▶ [Task objective]: An exact reproduction of the listing, minus the pictures, is the required output.

▶ [Data provided]:
· · · · · · ·

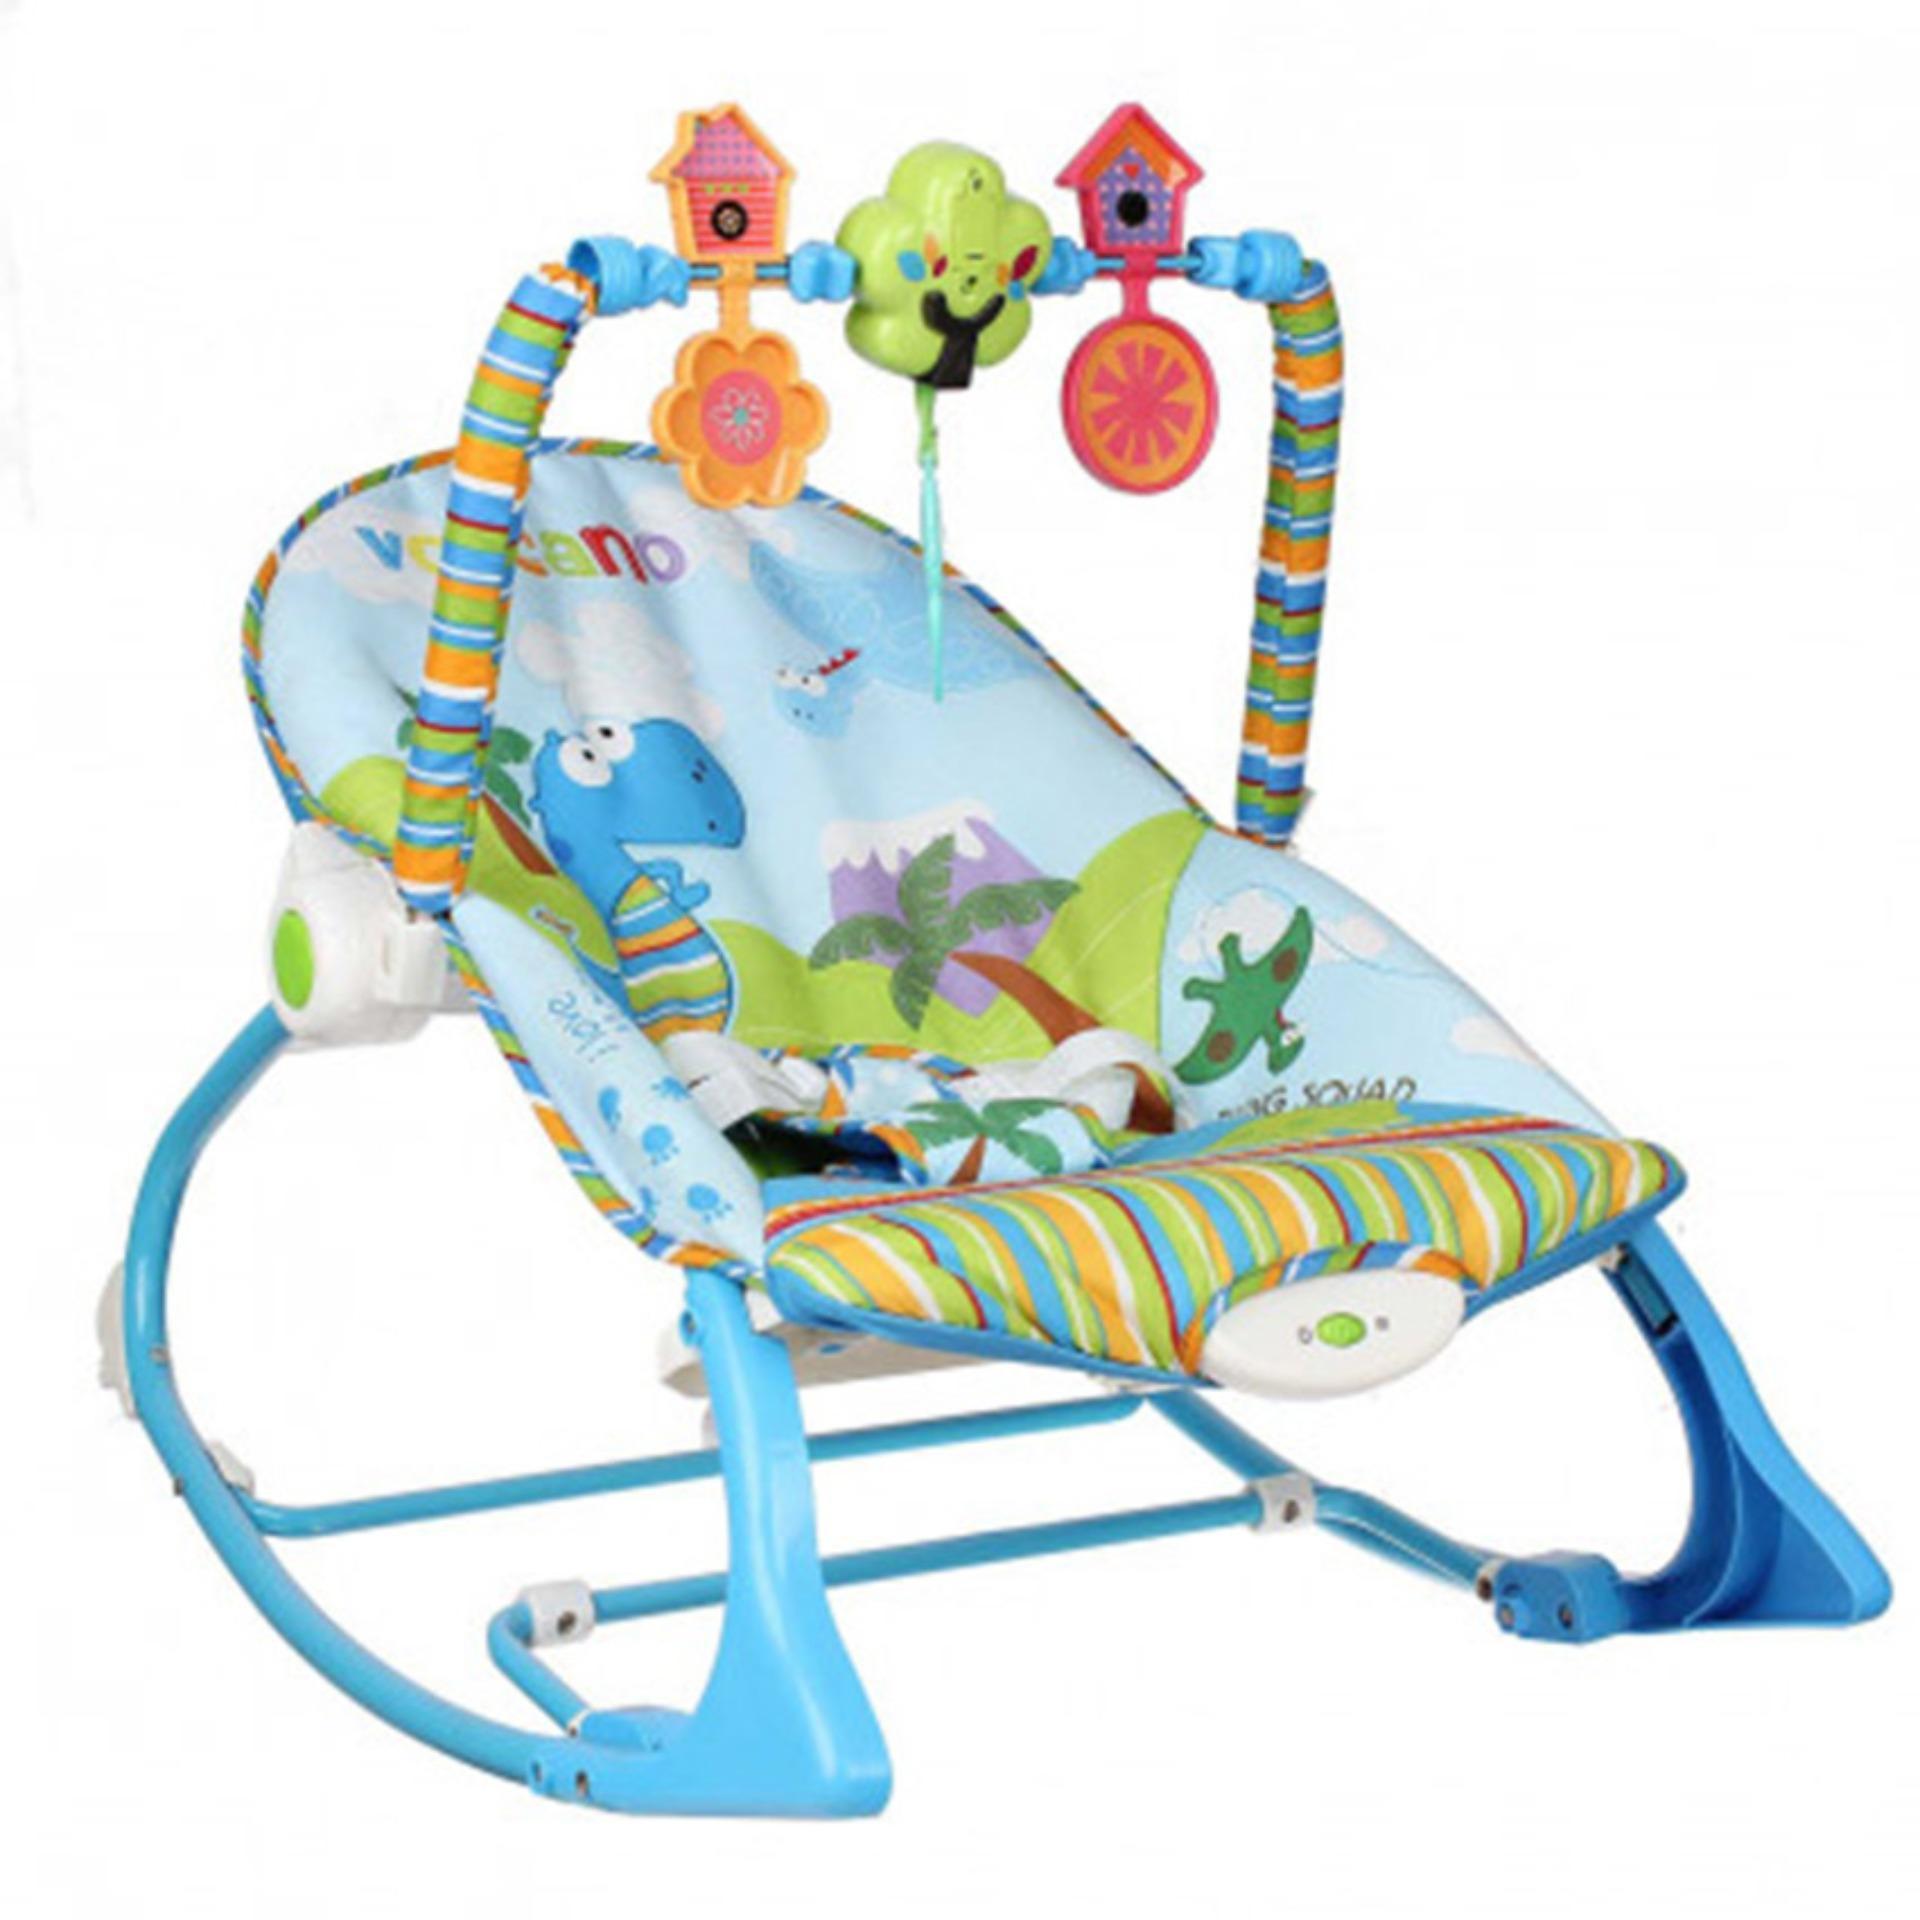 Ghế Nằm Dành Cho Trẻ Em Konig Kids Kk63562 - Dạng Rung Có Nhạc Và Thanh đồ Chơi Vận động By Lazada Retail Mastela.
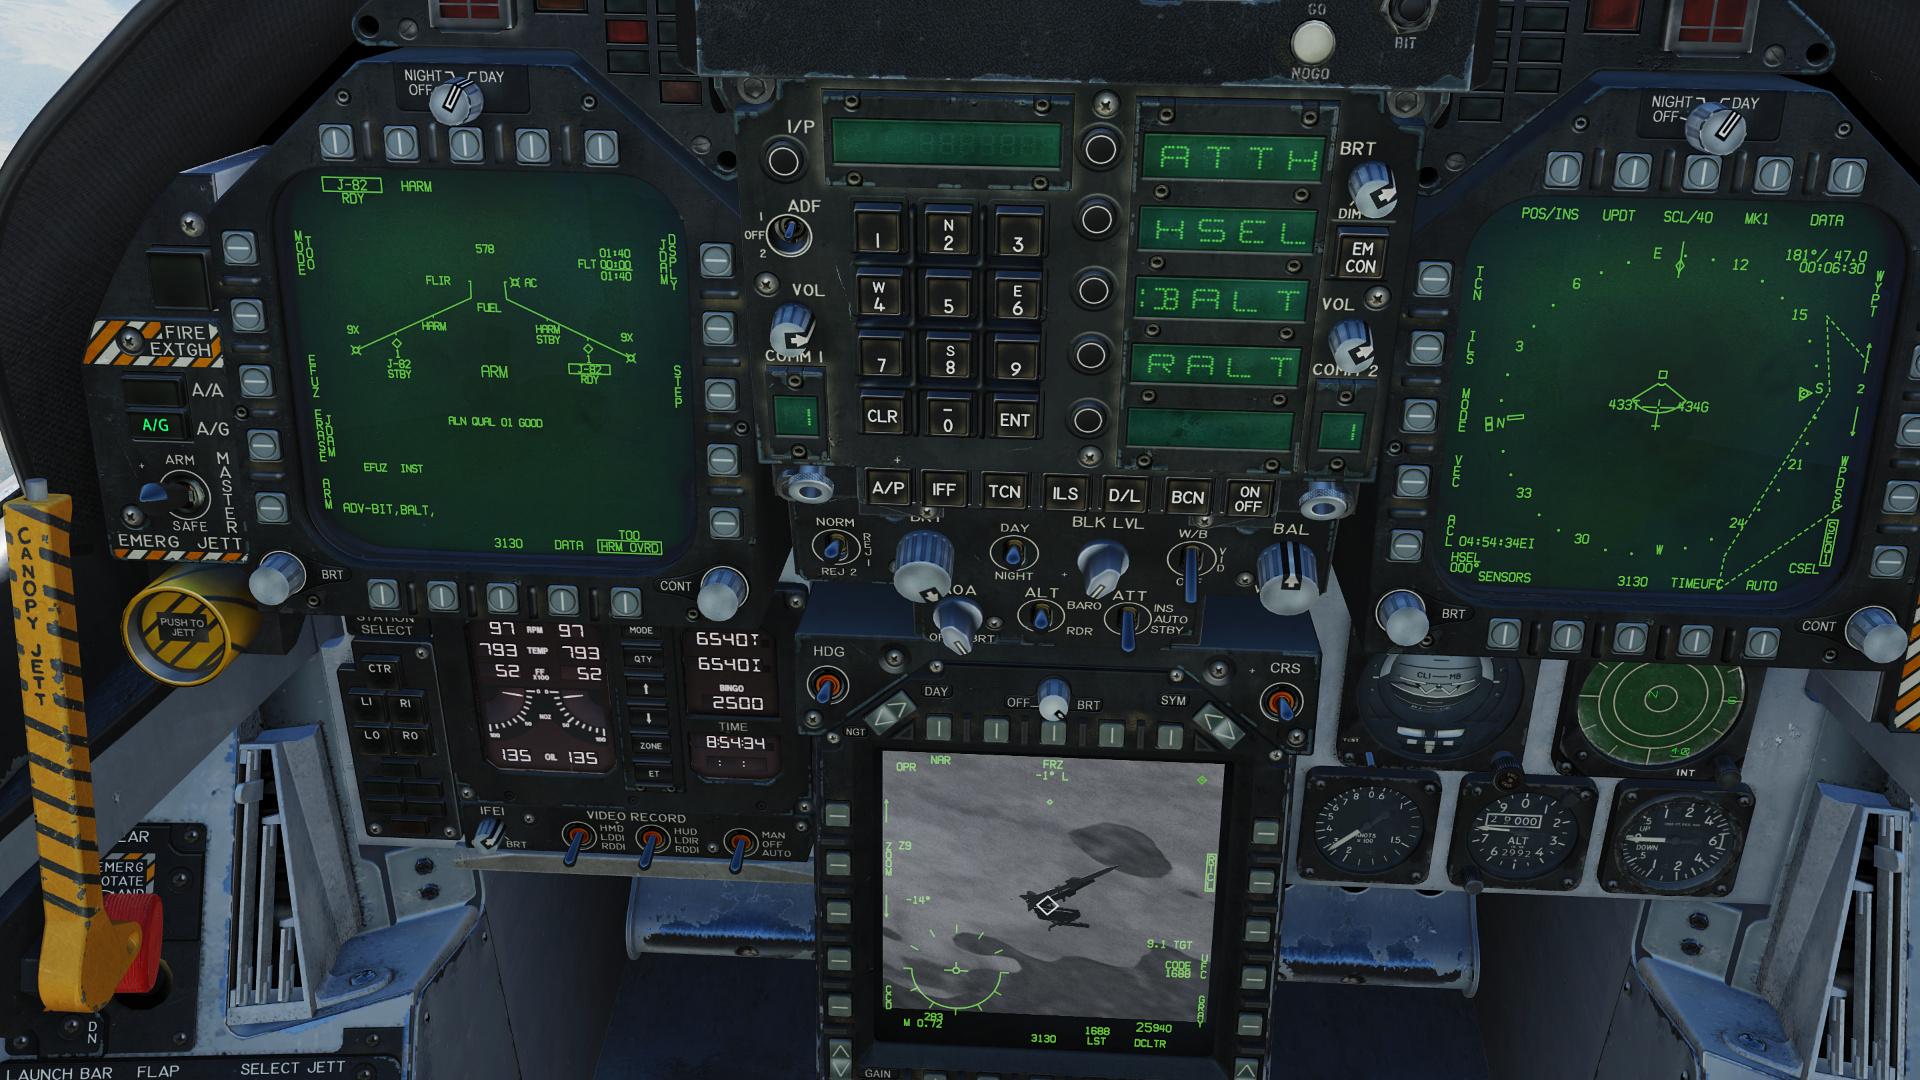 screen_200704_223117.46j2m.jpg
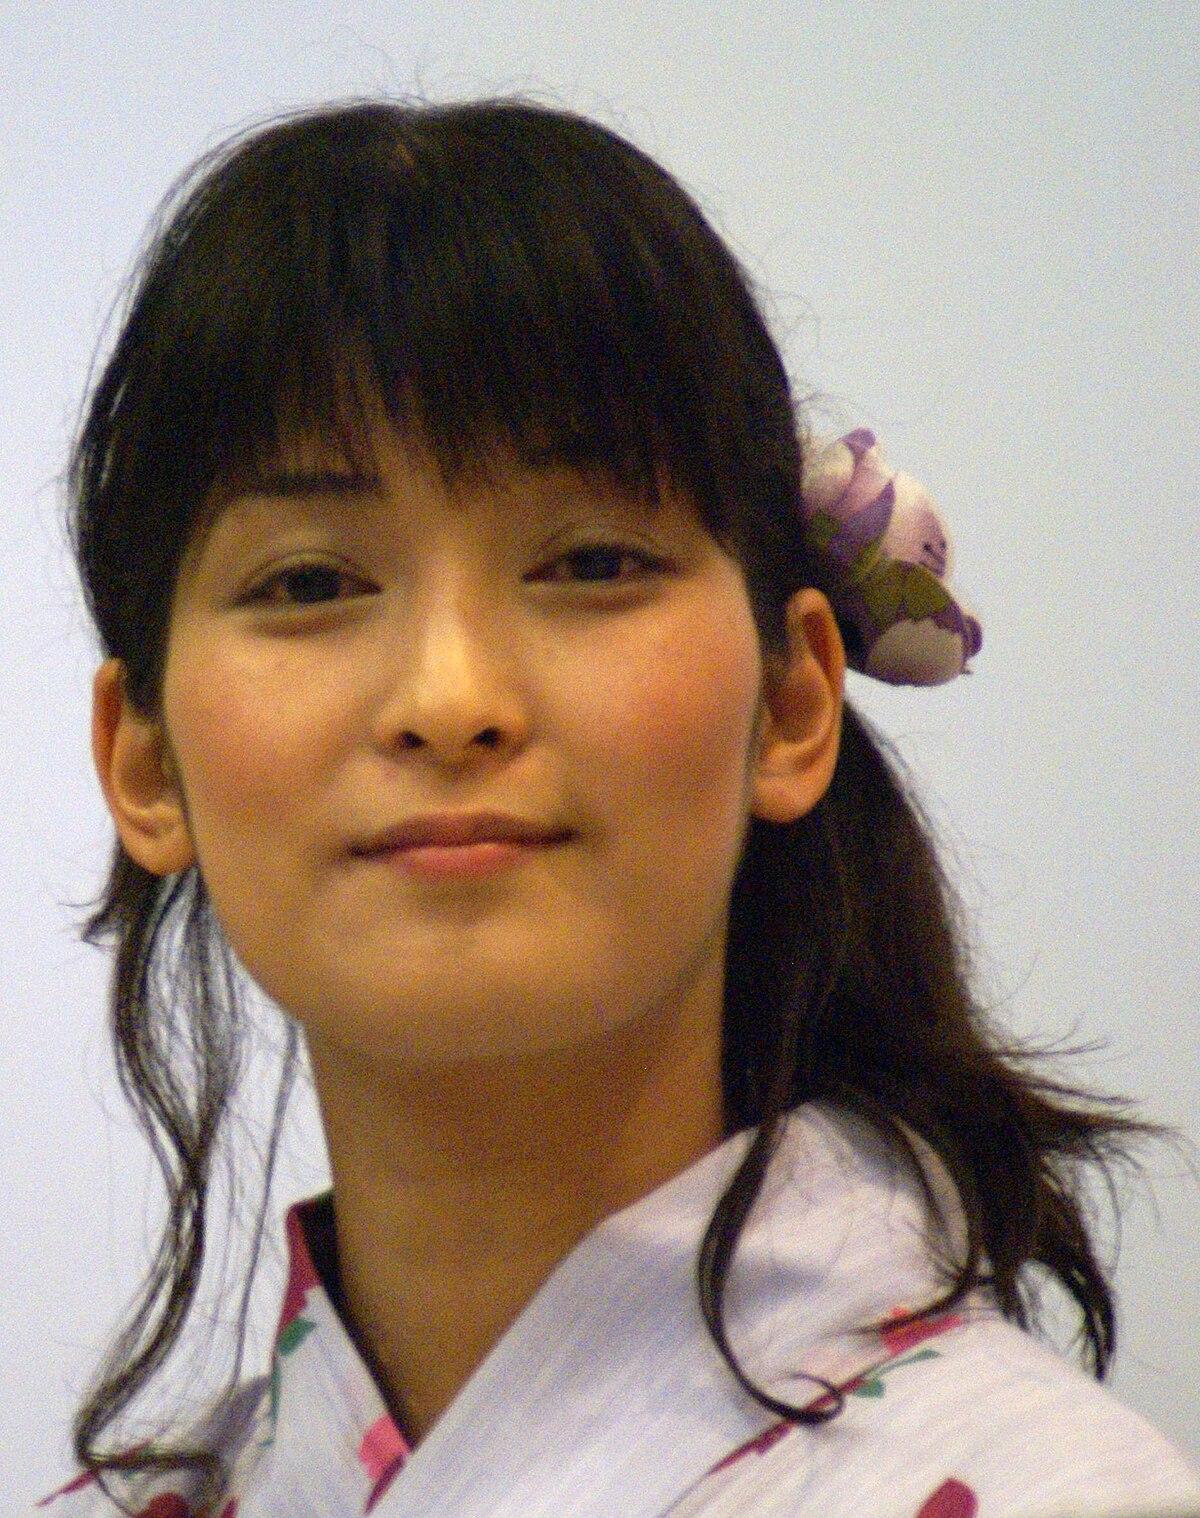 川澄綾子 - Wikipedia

· · · · · · ·

▶ [Answer to this task]:
 Ghế Nằm Dành Cho Trẻ Em Konig Kids Kk63562 - Dạng Rung Có Nhạc Và Thanh đồ Chơi Vận động By Lazada Retail Mastela.
 screen_200704_223117.46j2m.jpg
 川澄綾子 - Wikipedia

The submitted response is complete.